1 pound prawns deveined, tails on
4 tablespoons butter
1/4 cup olive oil
1/2 tablespoon saffron threads
2 tablespoons garlic, minced
2 tablespoons shallots, minced
1 tablespoon parsley, finely chopped
for the sauteed spinach:
3 tablespoons olive oil
1 pound baby spinach leaves, washed and lightly patted with paper towels
2 tablespoons chopped garlic
the juice of 1 lemon


For the prawns:
In a large saute pan, melt the butter over medium high heat, add the olive oil. Over the pan, rub the saffron threads between your fingers to break them up and allow them to sprinkle into the butter and oil.
Add the garlic and shallots and stir up the mixture.
Place the prawns into pan.
Let them cook on each side until they just loose their translucency, about 2 minutes per side.
Remove the prawns from the pan and cover with foil.
Pour the white wine into the pan, increase the heat to high. Stir regularly until the sauce is reduced by about a third.
Sprinkle in the parsley.
Place prawns on a bed of pasta, rice or a risotto Milianese. Spoon some of the sauce over the meal, sprinkle with the chives, some fresh grated parmesean and enjoy.
Into a large saute pan, over medium high heat, pour the olive oil.
Allow to heat for a couple of minutes.
Then add the spinach by handfuls.
Let the bottom level of leaves wilt a little before stiring up the pile of spinach. Slowly toss the spinach until it is about 3/4 of the way wilted (about 3 minutes). Sprinkle the spinach with the garlic and lemon juice and stir it up. Cover with a lid or foil.
Turn off the heat and allow to sit for at least 5 minutes and up to 15.
If it gets too cool, you can turn up the heat and gently toss the leaves until just warm.




These saffron prawns are delicious served over pasta, rice or, if your "just mad about saffron" a risotto Milianese.
A splendid side for this creation is sauteed spinach (recipe included above). It couldn't be easier to prepare. It can sit, covered in the pan for about 15 minutes...just enough time to whip up the prawns.

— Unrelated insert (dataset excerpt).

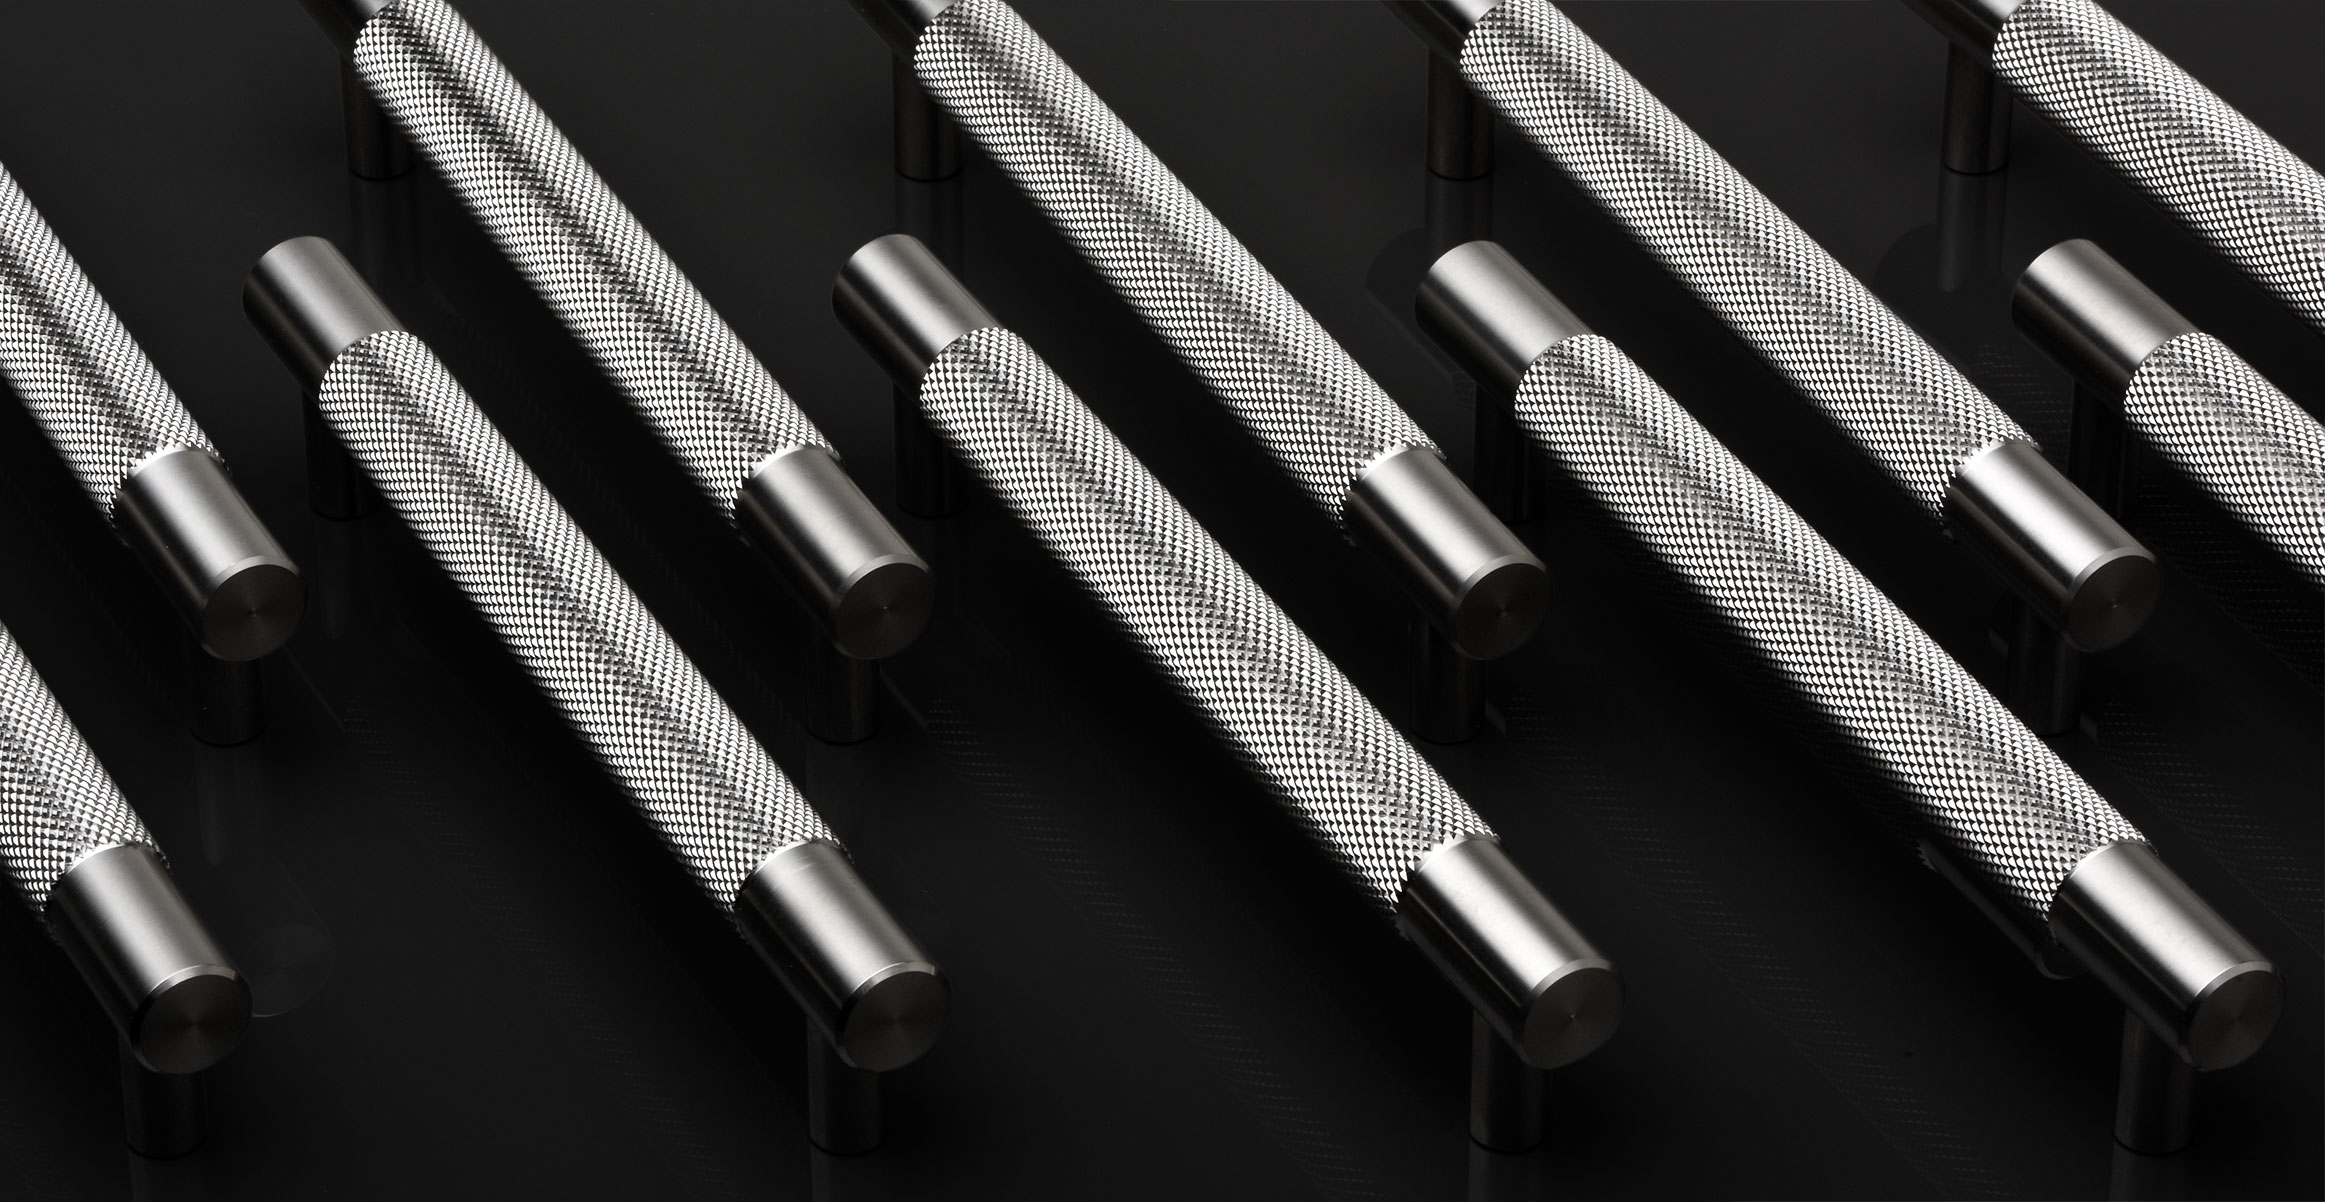 Kor cabinet pulls with knurled texture close up

When buying prawns, if fresh from the sea (no later than yesterday) isn't available, go for the frozen variety! In bulk or a sealed bag, these will taste better that those in your local fish case. The prawns in the majority of fish cases were frozen at sea and thawed by the fish monger. The problem is, there is no way of knowing when they were thawed or how. If you buy the prawns frozen you can control the thawing process. To thaw them: place them in a bowl in the refrigerator (covered, or still in the bag) the day before you need them to allow them to slowly thaw. If you need them more quickly, they can be put in a colandar, in the sink, a few hours before you need them and allowed to thaw. Spray them with cold water to speed up the process and for a final rinse before preparation. Blot them dry with paper towels before cooking.